Official estimates of deaths attributable to COVID-19 indicate that over 1 million Americans have lost their lives to COVID-19 since the first COVID-19 death was reported in the United States in March 2020.  However, this staggering loss does not include any deaths caused by COVID-19 that were attributed to other causes. In addition, it does not include deaths that were indirectly the result of the pandemic but not caused by COVID-19 directly. For example, some people may have been unable to access prevention and treatment for other health conditions during the pandemic, leading to higher-than-expected mortality. Deaths may also have been averted during the pandemic due to, for example, lower risks of accidents or injuries as a result of pandemic-related mitigation measures. 

This brief investigates how excess mortality varies across States and examines the role of health insurance coverage in explaining these differences. The evidence shows that lack of health insurance coverage is associated with higher excess mortality rates during the pandemic, even after controlling for differences in vaccination rates, the age distribution of the State, the share of the State population with pre-existing conditions, and the degree of each State’s restrictions during the pandemic. The findings suggest that lack of health insurance coverage may have generated more excess deaths in States with relatively low coverage rates.

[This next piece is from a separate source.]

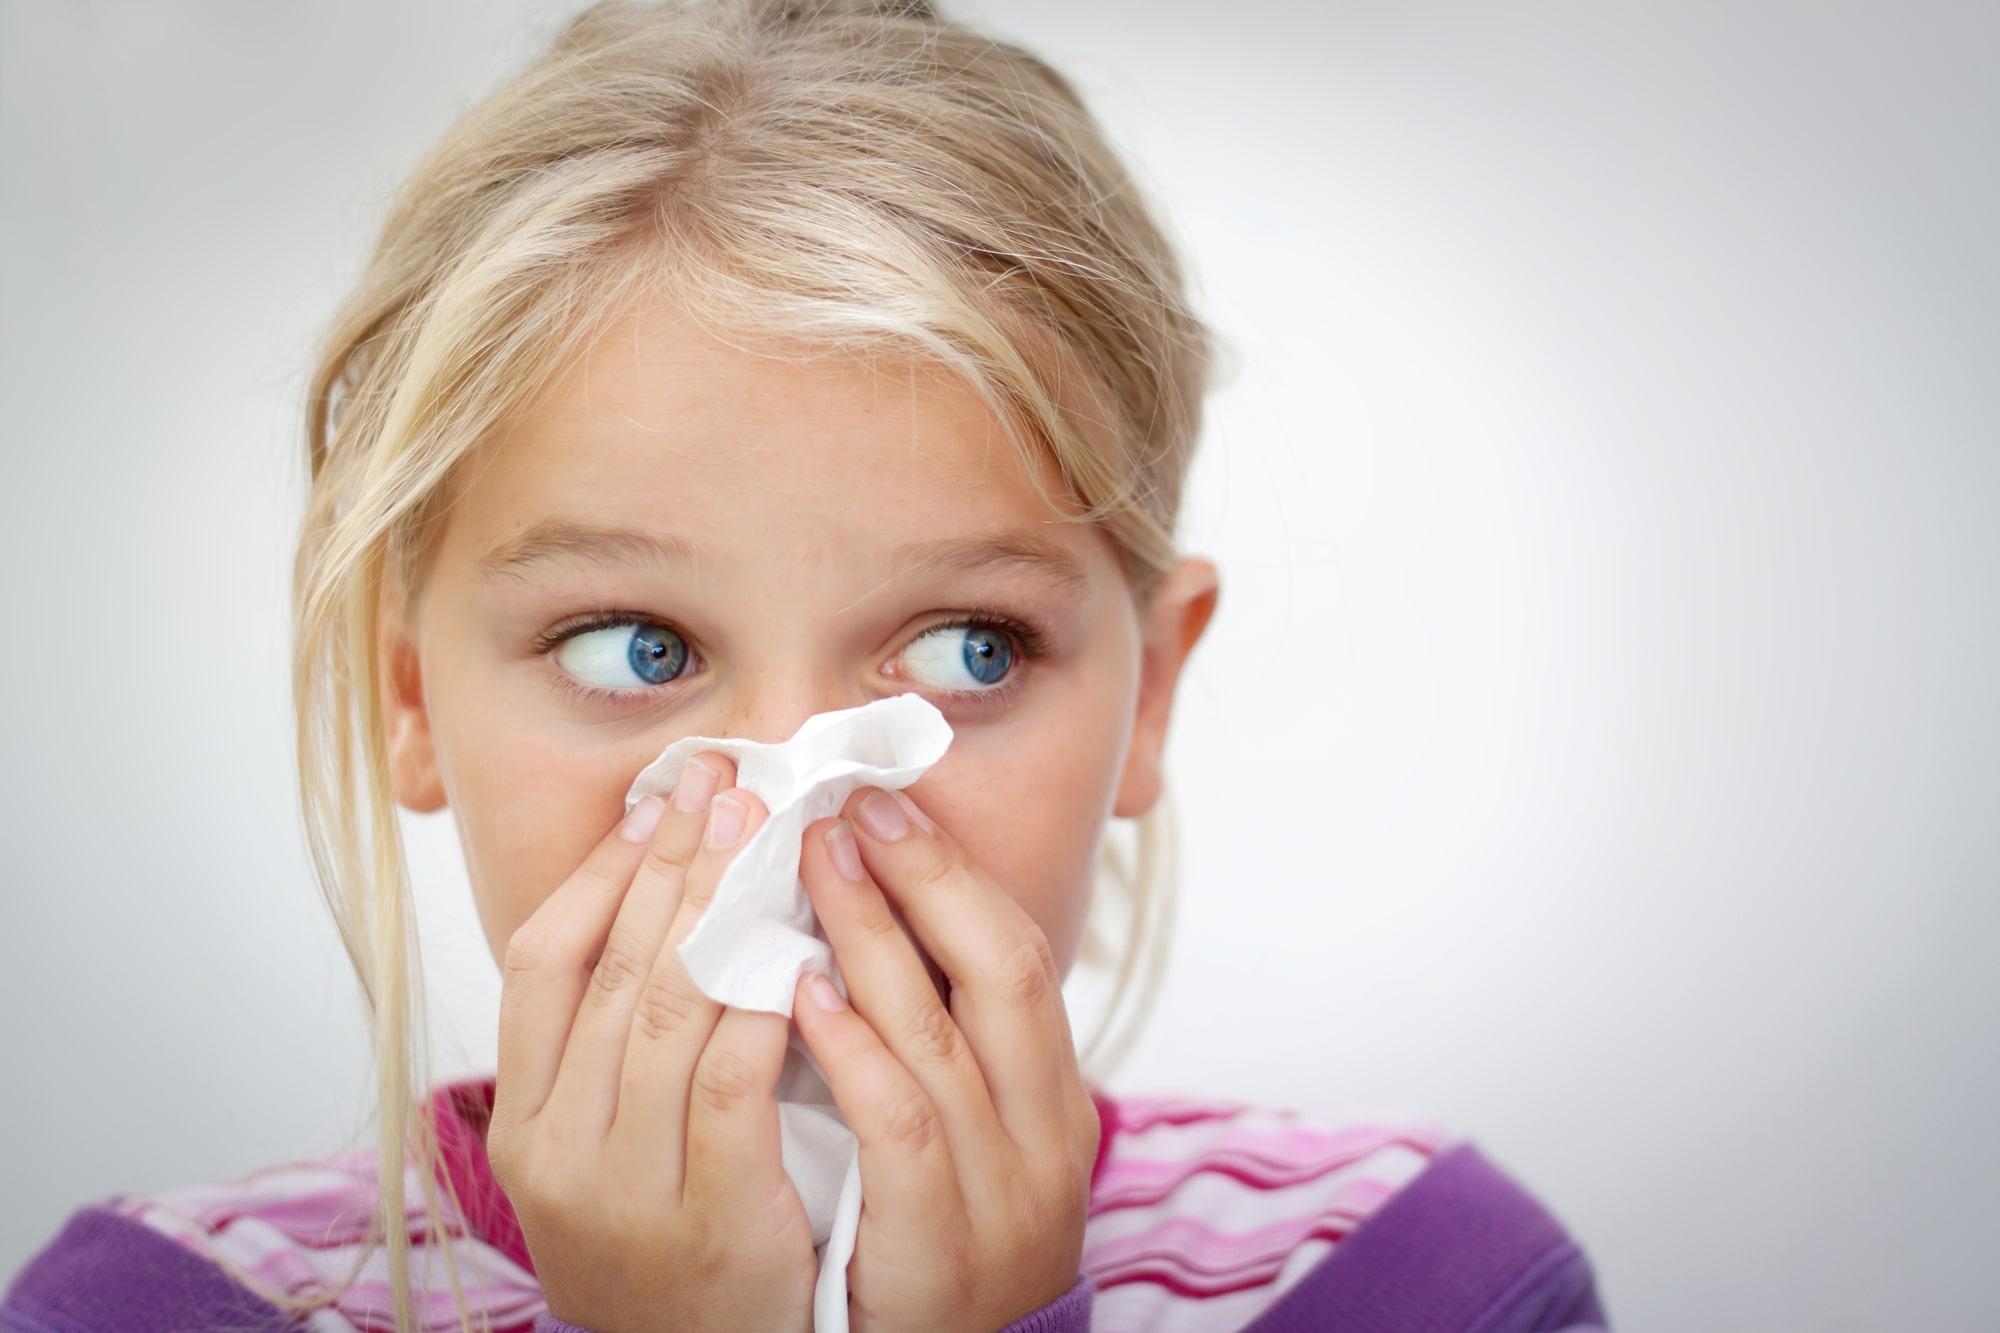 Οι 5 «ένοχοι» για τη ρινορραγία στα παιδιά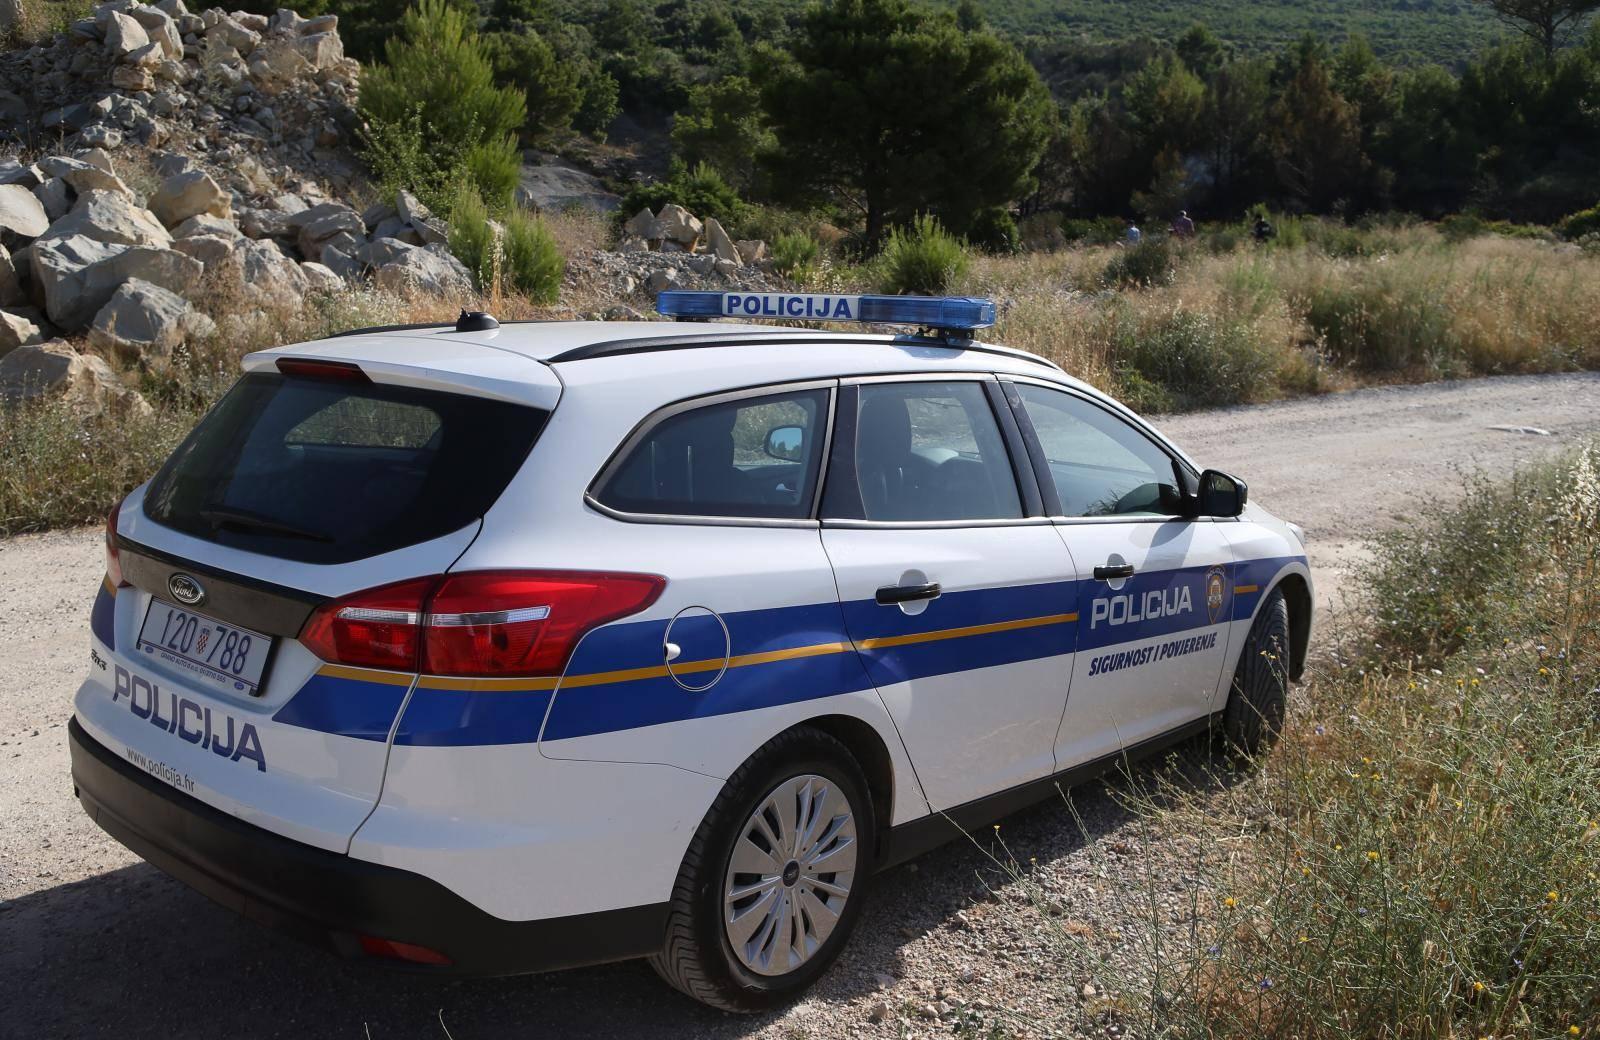 Užas u Kaštel Sućurcu: Gasili požar pa pronašli truplo žene

Measuring excess mortality

Researchers have tried to quantify the total net mortality burden of the COVID-19 pandemic by examining how observed counts of deaths during a specific time period differ from the expected number of deaths during the same time period based on data prior to the pandemic. These “excess deaths” thus provide a measure of the extra number of deaths from all causes during the pandemic relative to what would have been expected had the pandemic not occurred.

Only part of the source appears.